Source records
====
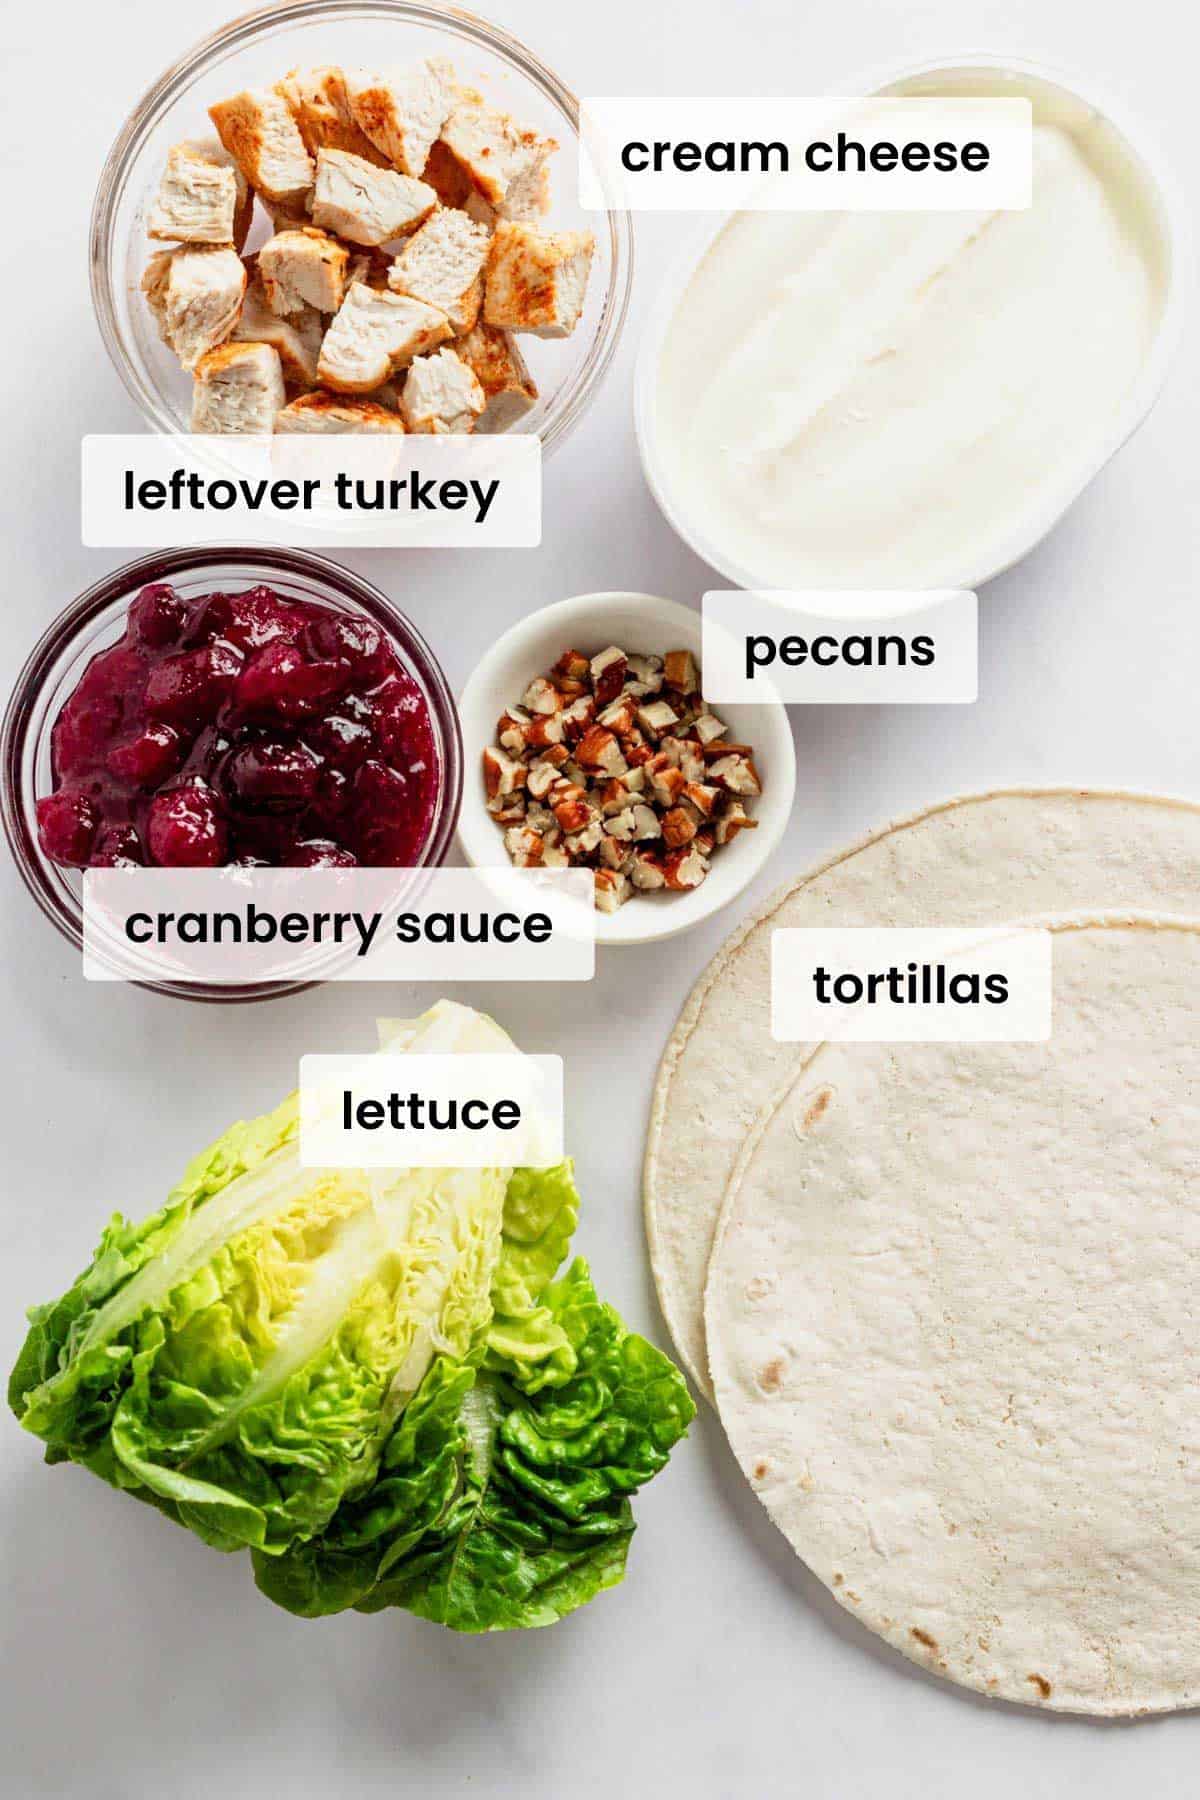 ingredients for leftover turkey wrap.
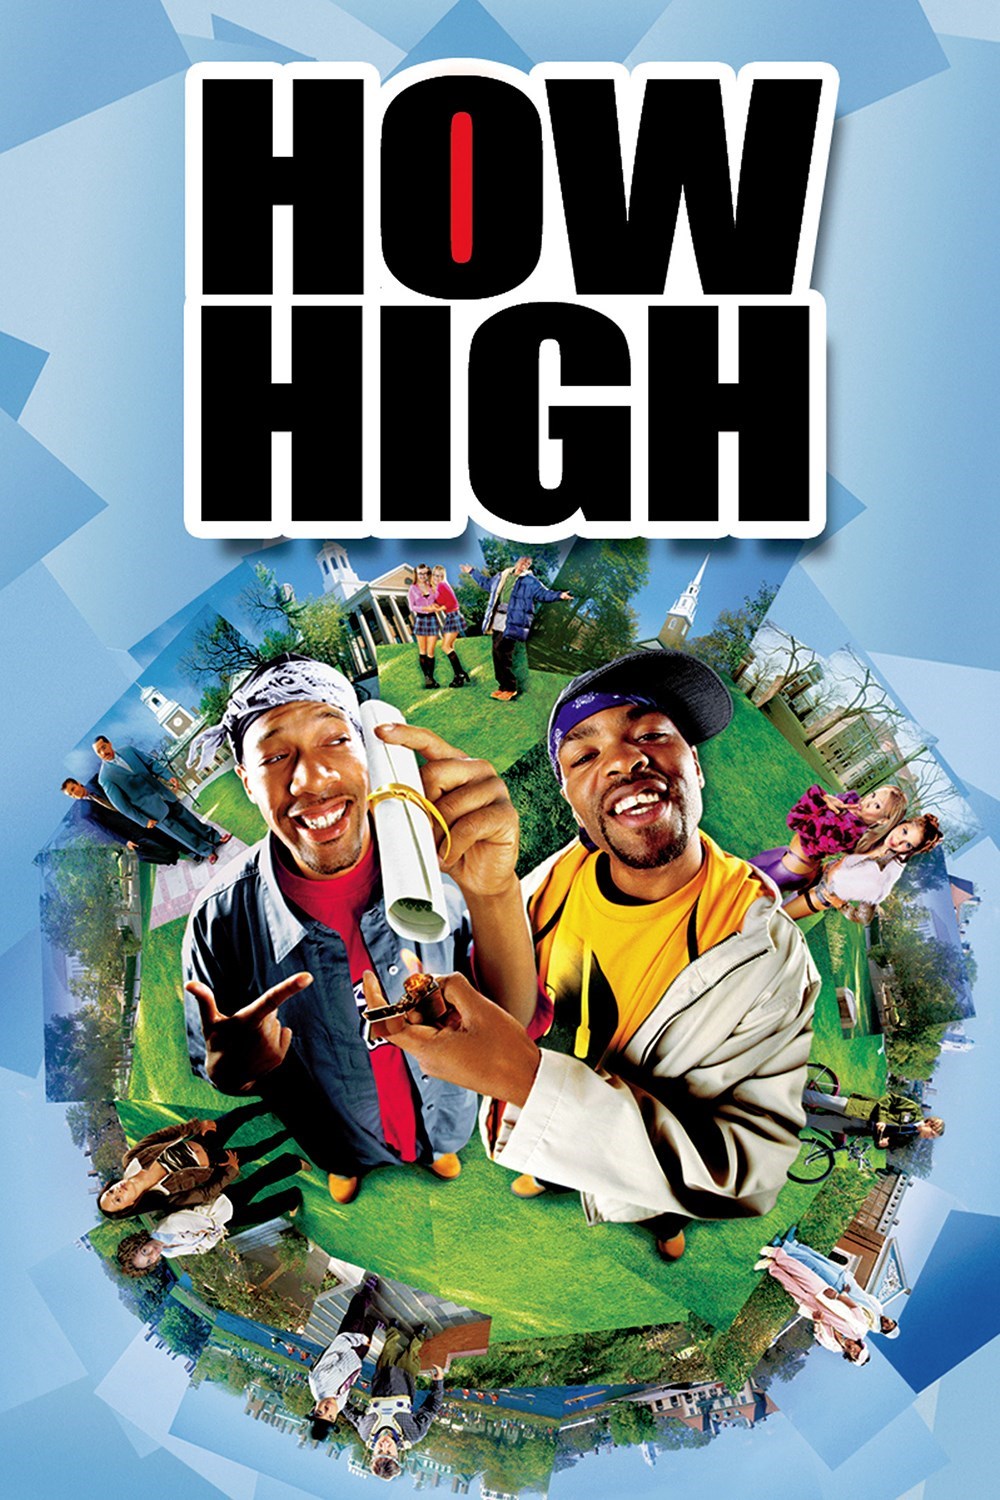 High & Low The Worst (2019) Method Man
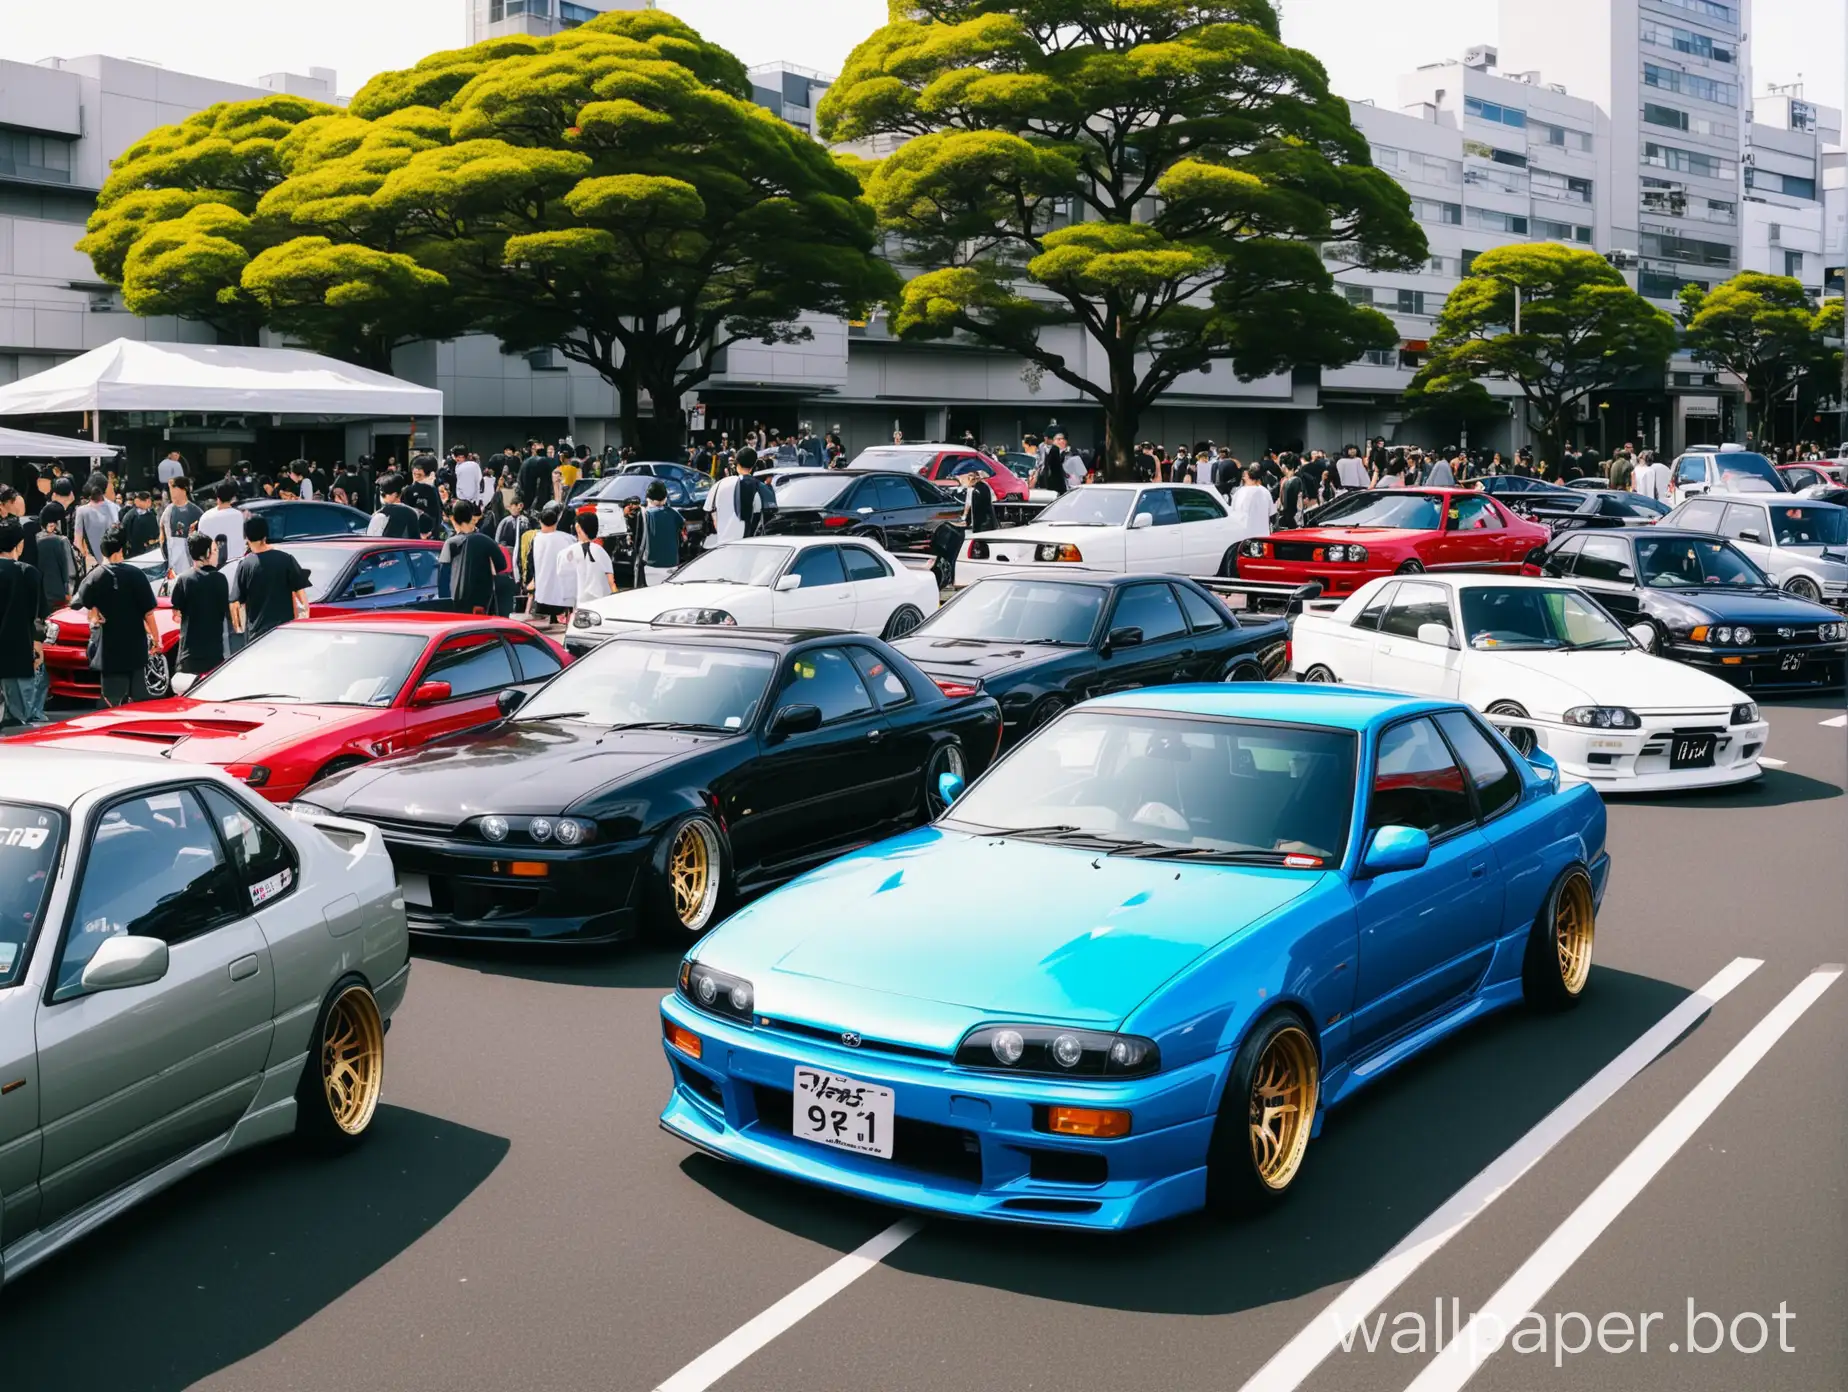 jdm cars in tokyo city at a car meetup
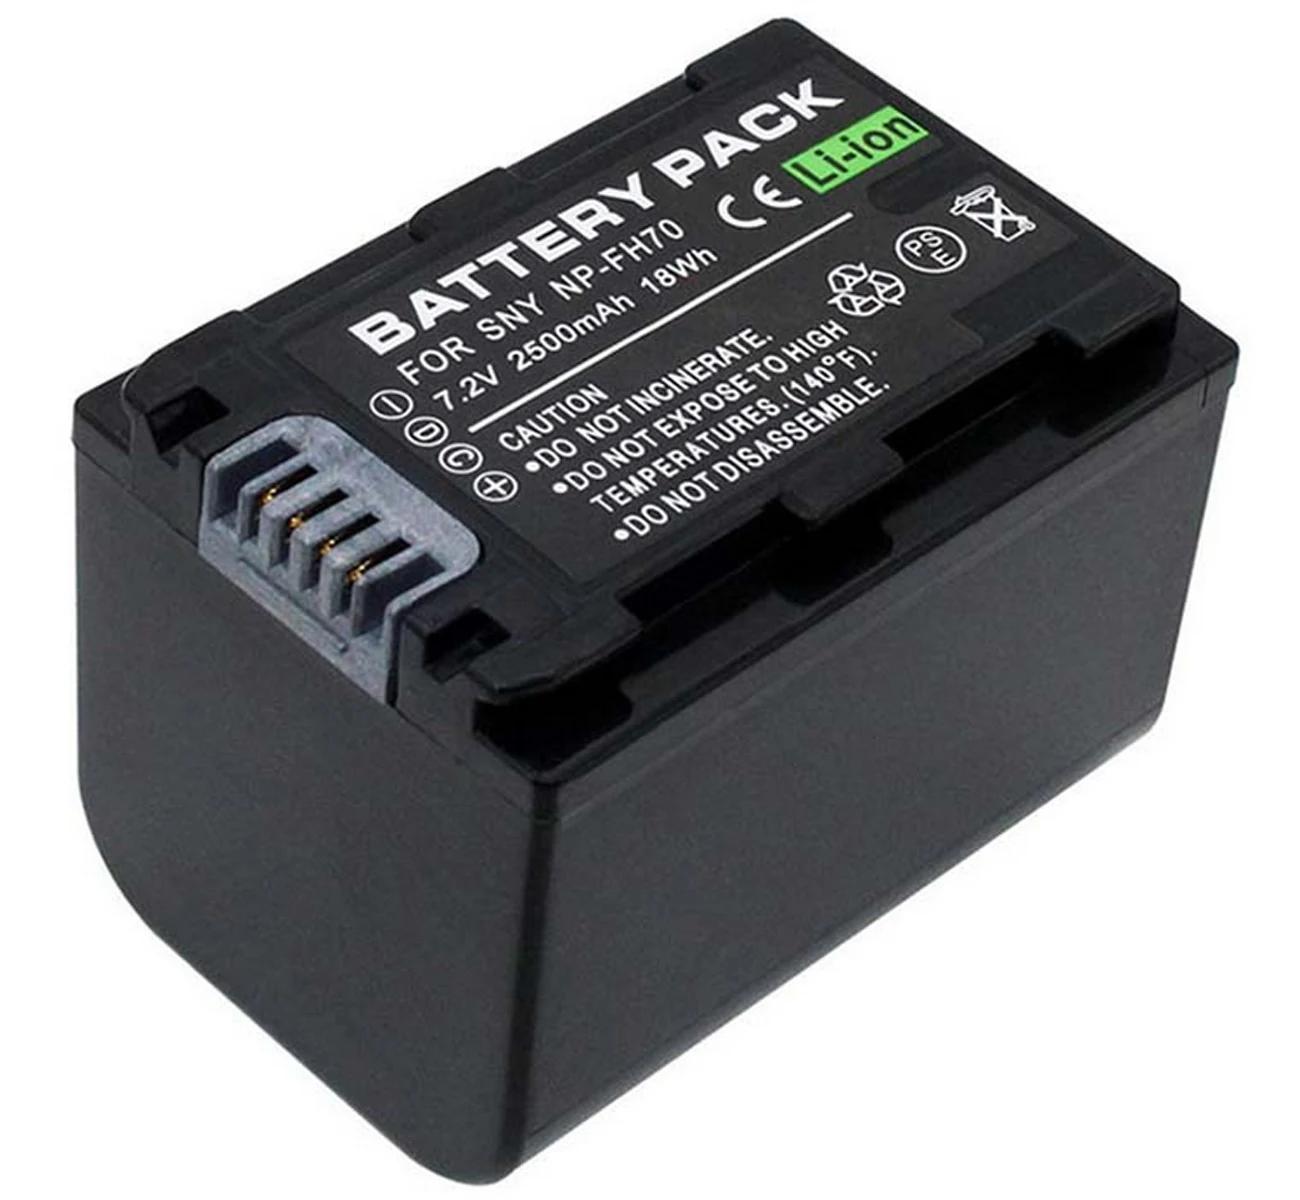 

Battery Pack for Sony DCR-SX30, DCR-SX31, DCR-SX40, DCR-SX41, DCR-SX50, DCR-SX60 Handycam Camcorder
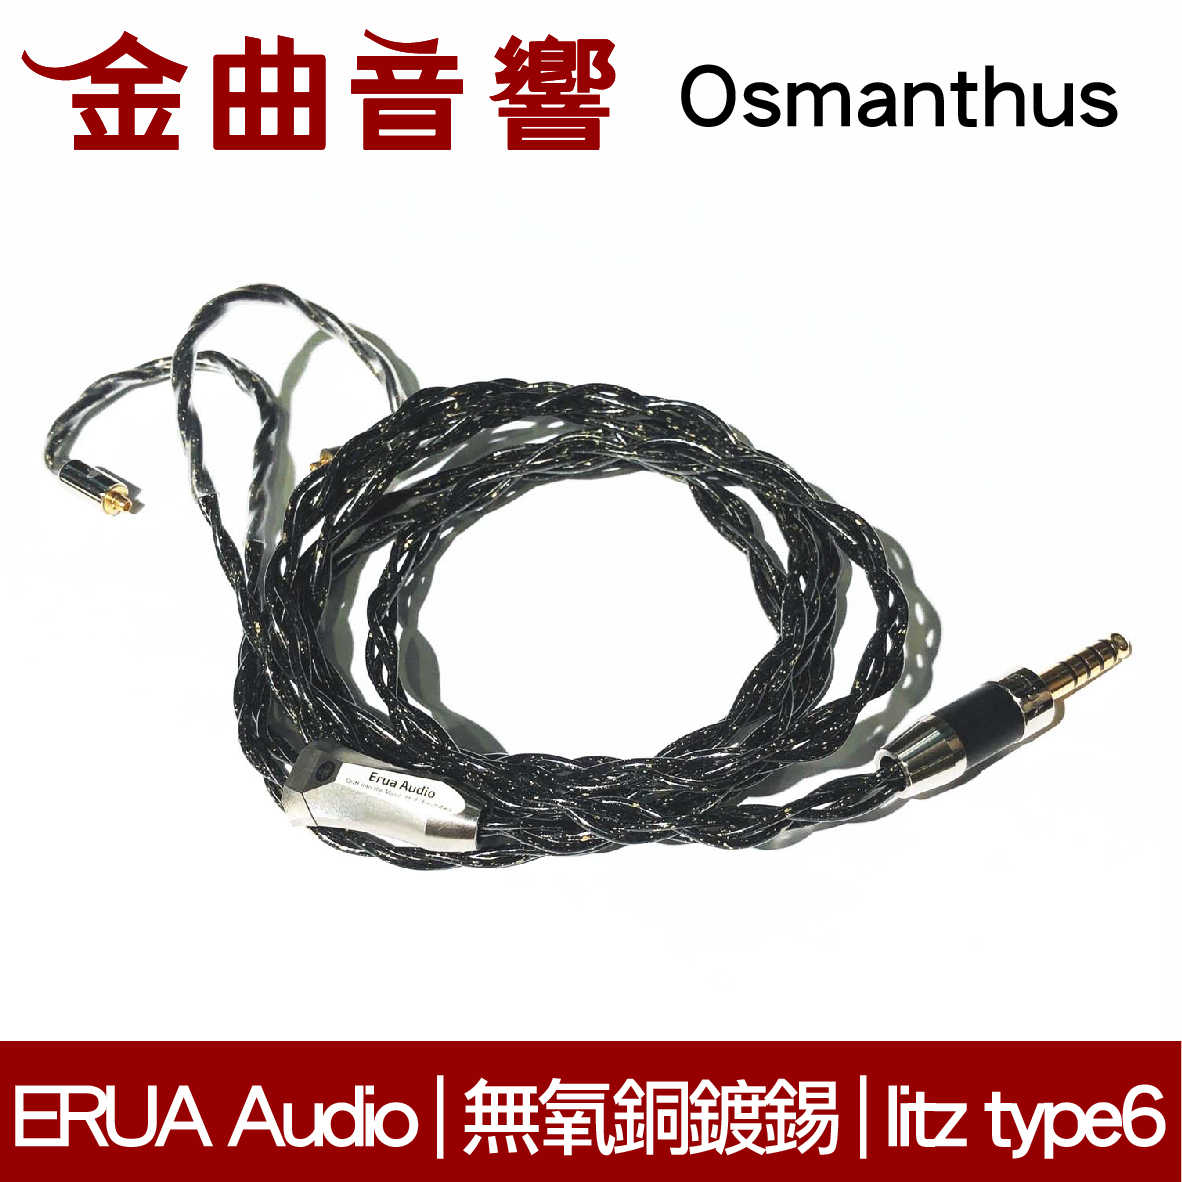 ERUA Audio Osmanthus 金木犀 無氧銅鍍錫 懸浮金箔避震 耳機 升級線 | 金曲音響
====
Instructions for the task:
Your task is to transcribe all of the records precisely, with no images included.

Response for this exercise:
 ingredients for leftover turkey wrap.
 High & Low The Worst (2019) Method Man
 jdm cars in tokyo city at a car meetup

Battery Pack for Sony DCR-SX30, DCR-SX31, DCR-SX40, DCR-SX41, DCR-SX50, DCR-SX60 Handycam Camcorder
 ERUA Audio Osmanthus 金木犀 無氧銅鍍錫 懸浮金箔避震 耳機 升級線 | 金曲音響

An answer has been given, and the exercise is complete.